With genome editing hitting the headlines, patients may have questions about its applications. Here’s our concise guide for health professionals
As noted in that piece, genome editing has had plenty of press coverage in the past few years, especially since Crispr entered the public consciousness. As a result, healthcare practitioners may find themselves faced with questions by patients, especially if they have concerns relating to a serious genetic condition.
Here, we cover some of the pertinent facts and details that might prove useful when talking to patients or the public about genome editing.
Is genome editing being used in clinical practice?
The short answer is no. While it has been used in both research and clinical treatment, research uses of genome editing are much more widespread and better developed.
Research uses include creating customised cell lines and model organisms for basic research into gene function and interactions, as well as Dr Kathy Niakan’s work at The Crick on human embryos to better understand the role of genes in the very earliest stages of human development. Customised cell lines and mice are also used in drug development and targeting, allowing researchers to understand how, for example, cancers with different mutations respond to different therapies.
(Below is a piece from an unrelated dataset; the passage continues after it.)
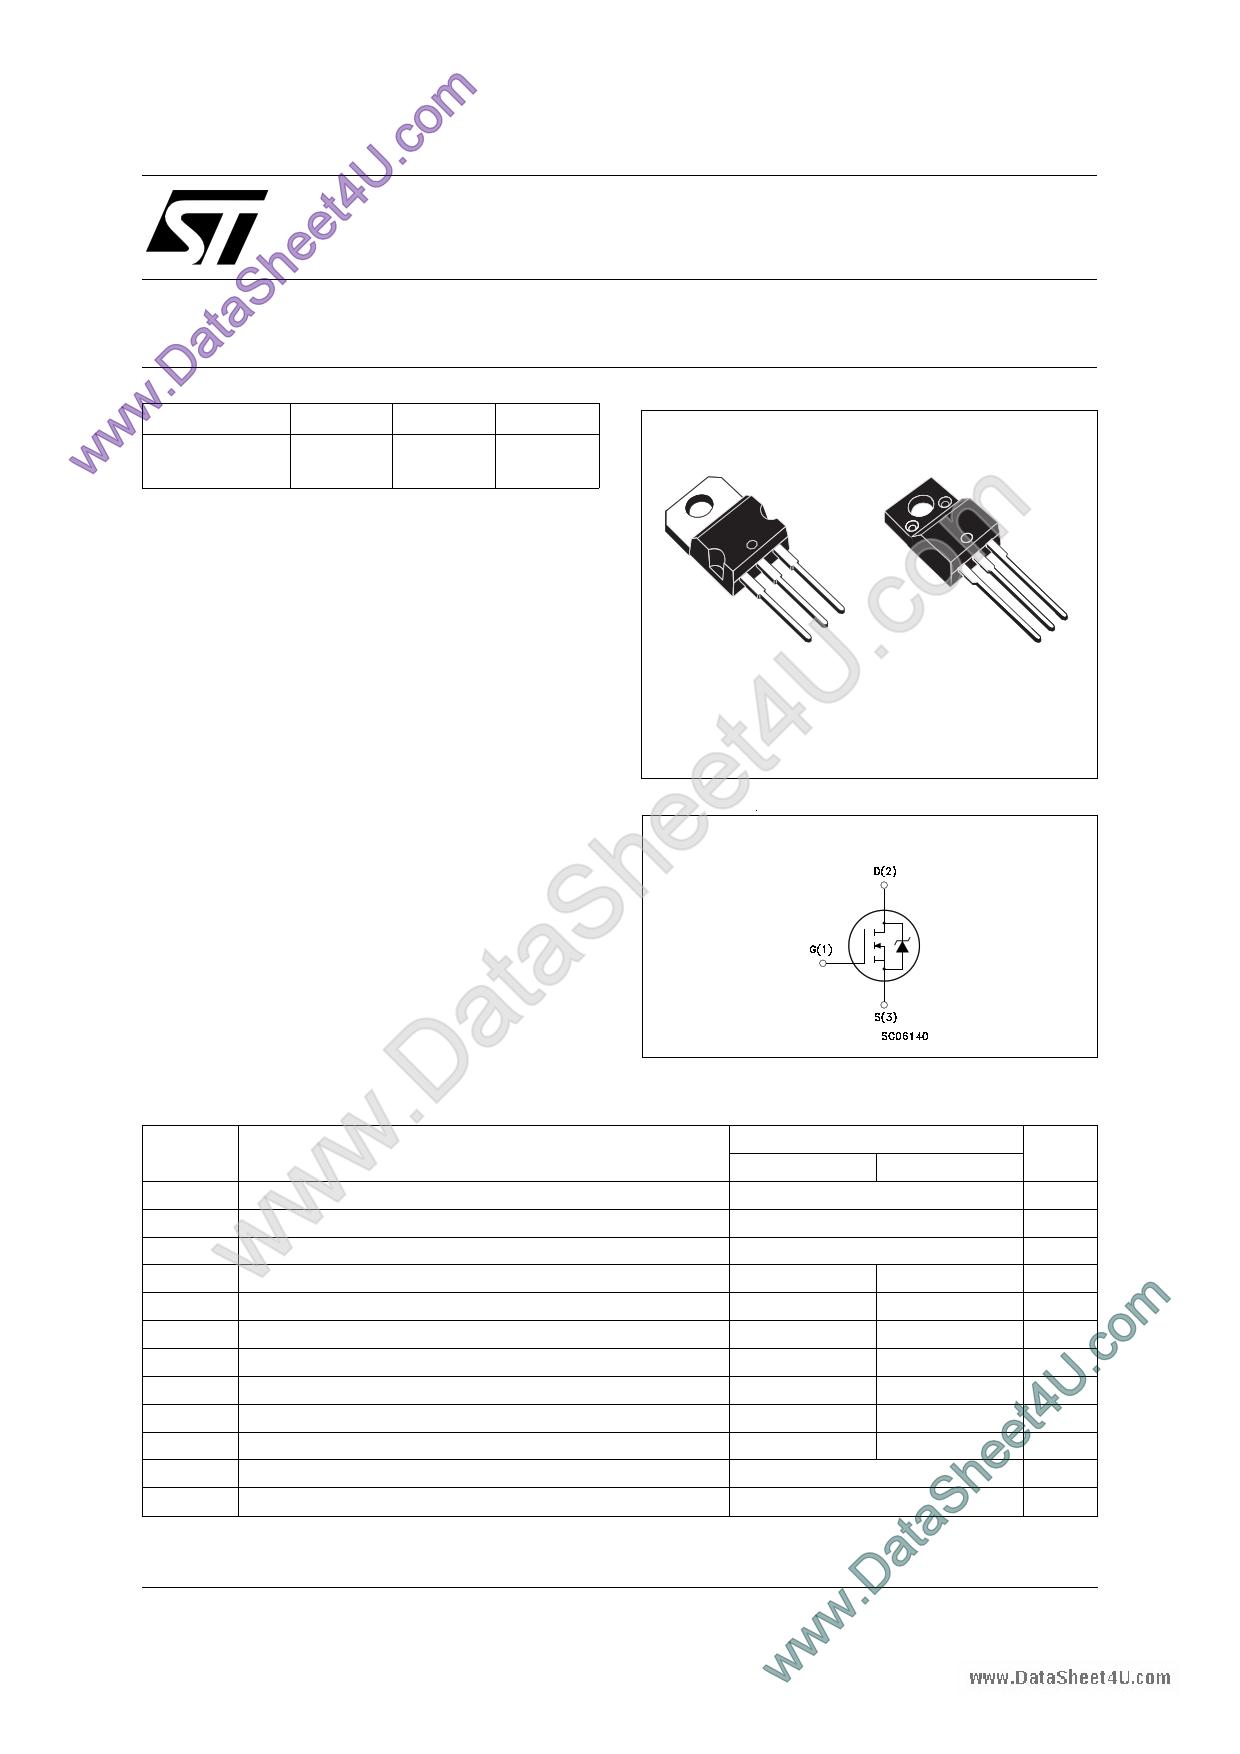 P3NB80 datasheet, circuit

Clinical uses have tended to be experimental, rather than part of routine treatment. Clinical applications are showing promise where patients’ stem cells can be extracted, edited and then returned to the patient. The best examples have been with skin cells (junctional epidermolysis bullosa) and blood cells (ADA-SCID). Although promising, these are not yet standard treatments, although a SCID (severe combined immunodeficiency) treatment has become the first genome editing treatment to win marketing approval in Europe.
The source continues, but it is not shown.